No cabe duda, por otro lado,   que estas  experiencias han contribuido a enriquecer las concepciones y la  praxis críticos al indicarnos que no todo empieza y acaba en el binomio   fábrica y   trabajo.  Nos evocan,  con su singular visión crítica,  lo  que se inició  hace varias décadas en los  barrios obreros de los cinturones industriales de Barcelona Madrid, etc..en que la gente se organizaba por sí misma para exigir aquellos derechos que el Municipio les negaba (transporte público, escuela, ambulatorio, zona verde), en ocasiones al margen y contra las asociaciones de vecinos. O también , paralelamente, a  los squatter ingleses y los kraker holandeses (okupas).  Y, más recientemente, a los amotinamientos  de  los jóvenes hijo/as de inmigrantes de los suburbios de París o de Estocolmo. Hoy,  podemos decir,  aparece, re-aparece, una vez más, la ciudad o el espacio-ciudad como  ámbito relevante  de explotación y de conflicto, rebelión .   

Taksim y los invisibles

Estas  serían, por tanto, las cuestiones  que estarían detrás de aquellas  irrupciones. Explosiones sociales  que surgen, no de manera fortuita, en un país con una larga tradición de lucha.  Protestas y  formas  de  cooperación surgidas en  la calle, en la plaza, en el barrio. Lugares en que se da la  comunicación social, donde se vive o sobrevive, pero no necesariamente donde está el   puesto de trabajo, aunque no por ello debemos desdeñar este escenario –  la ciudad-  que aparece, sin embargo,  como  vivero de un tipo de  vínculos de los que se nutre el mercado, pero también la  confrontación. Espacio de relaciones sociales y de memoria que comunican,  a través de un hilo invisible, un presente renovado, cosmopolita y de problemáticas heterogéneas de expolio (migraciones, proletariado multinacional, género, etnia)  y conflicto, con un pasado de luchas obreras y sociales.

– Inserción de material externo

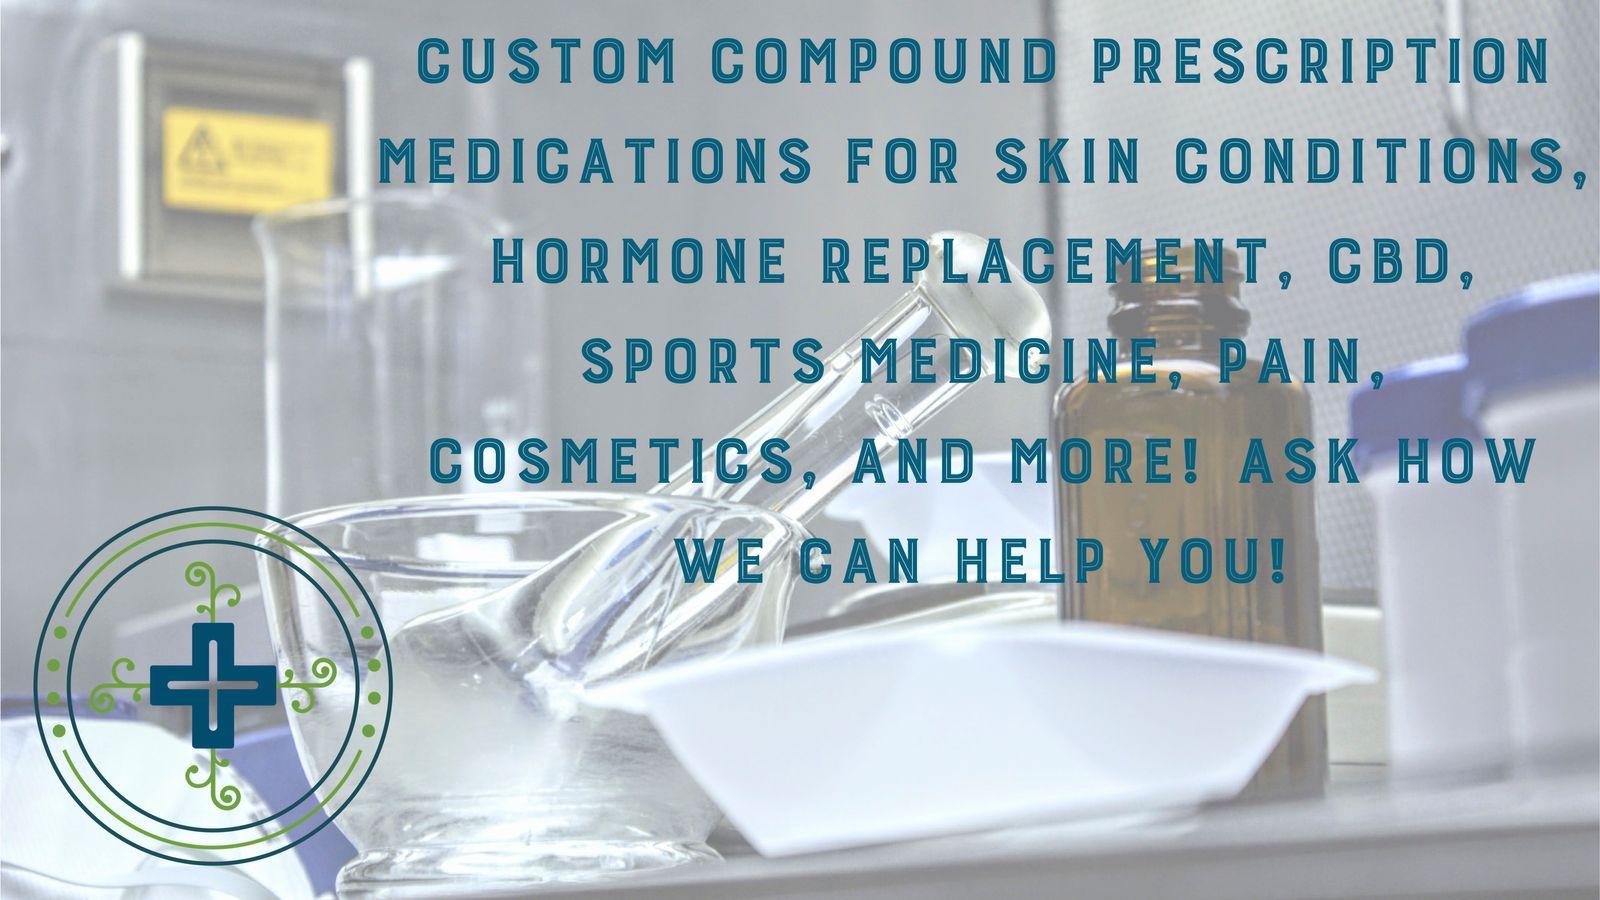 compounding_solace_pharmacy_custom_prescriptions_pharmacist.jpg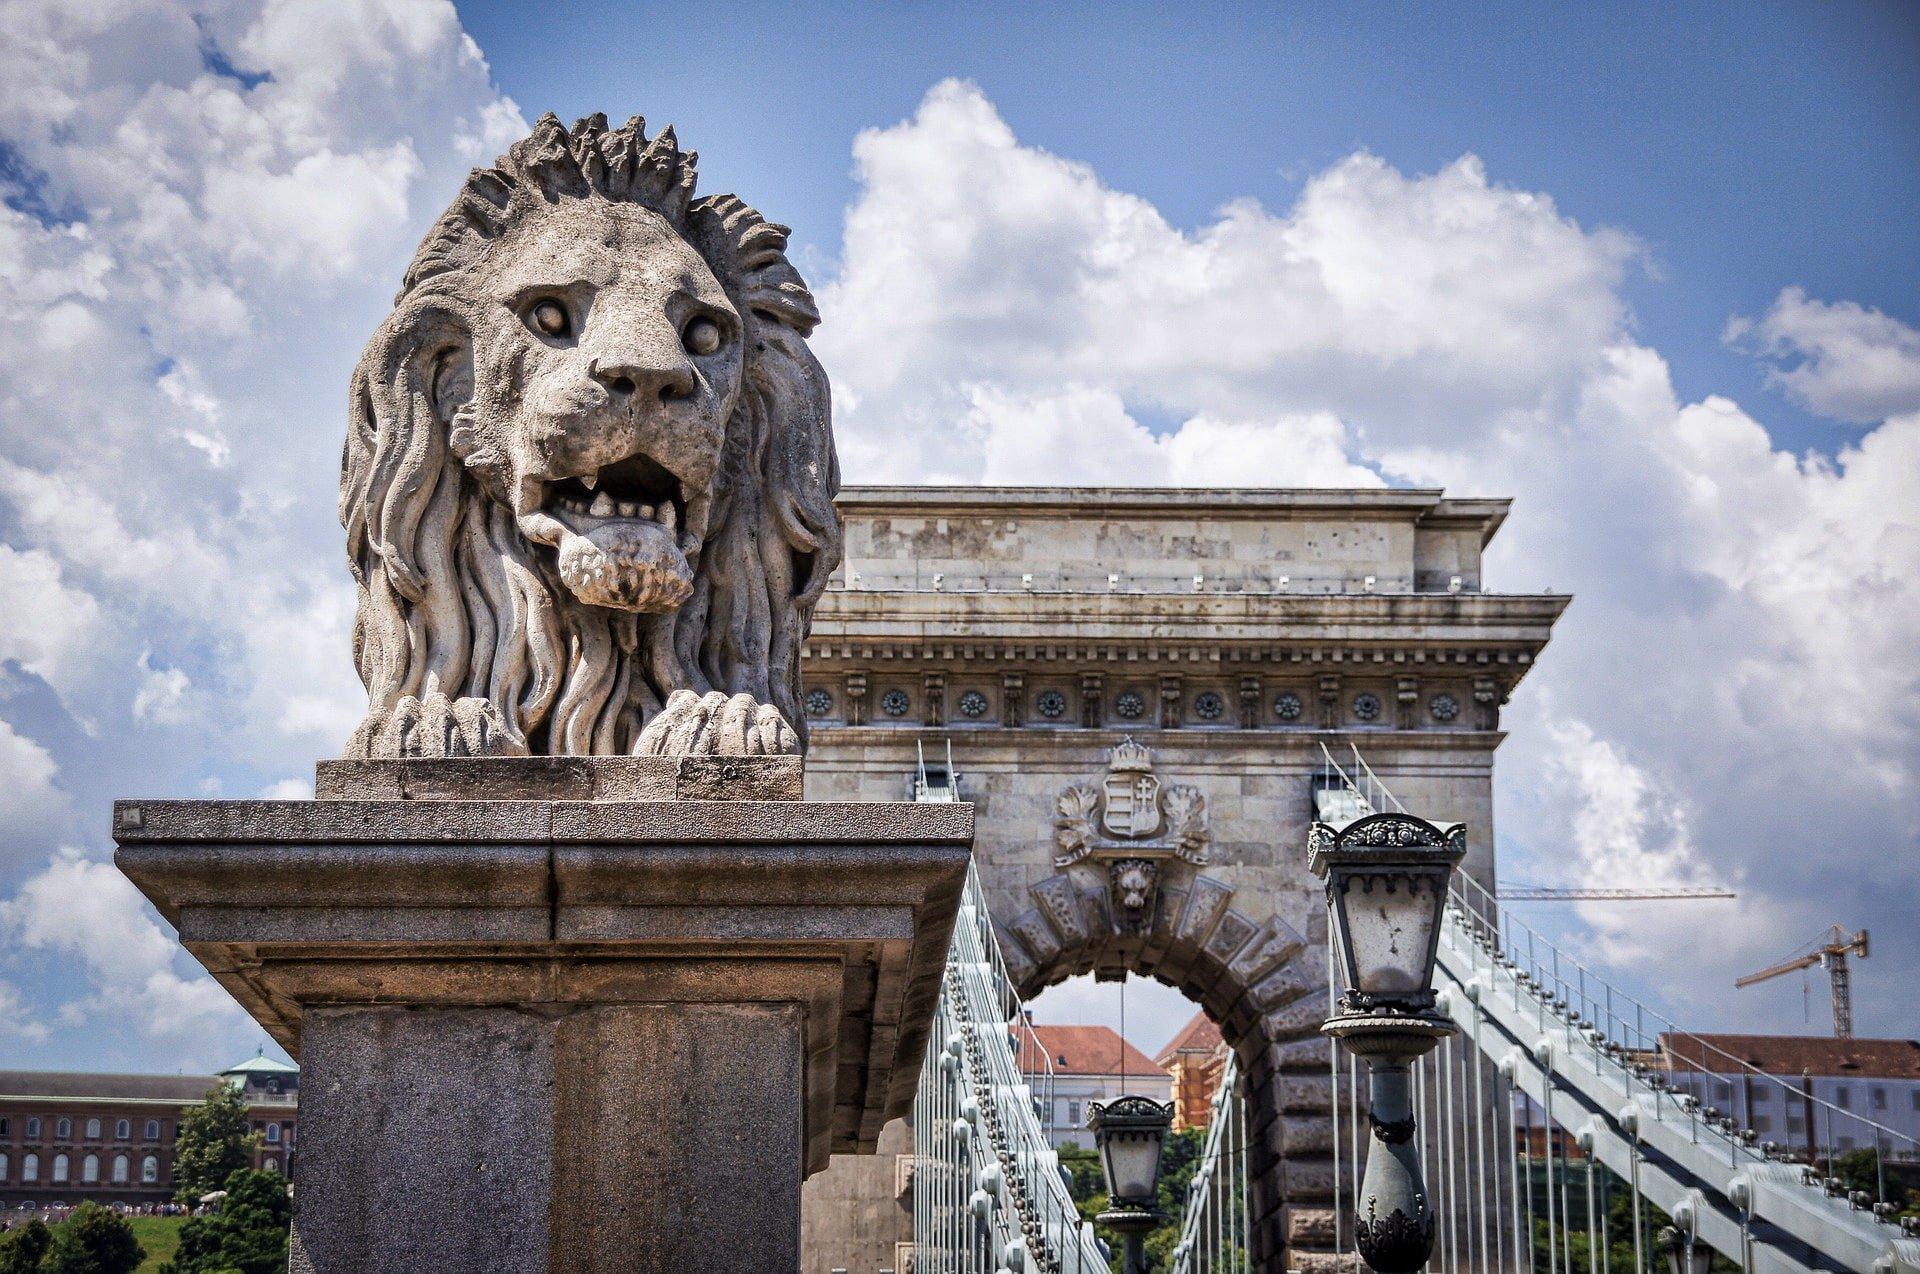 Lion statue - Széchenyi Chain Bridge - Budapest

En suma,  frente a la lectura deformada de estas movilizaciones que nos presentan los medios de comunicación convencionales,  lo que nos revela lo acontecido en Taksim o en las calles de Sao Paolo,  es algo ciertamente distinto  a lo que sería simplemente la indignación democrática. Se trata de  con la  okupación  una parte de la ciudad experimenta una metamorfosis;  metáfora esta que describe  la mutación  del espacio urbano,  dado que las relaciones que en él se configuran no son, al menos por un tiempo,   las del mercado y el poder estatal, sino nexos  de cooperación mediante los  que los expoliados, los   “invisibles”,  se hacen visibles. Okupación  basada en la noción del “derecho a la ciudad”,  que implica necesariamente prácticas  de contrapoder,  algo  que ya se daba en la Comuna de Paris de 1871, y  que significa, a fin cuentas, abrir  espacios sin derechos de autor ni de propiedad.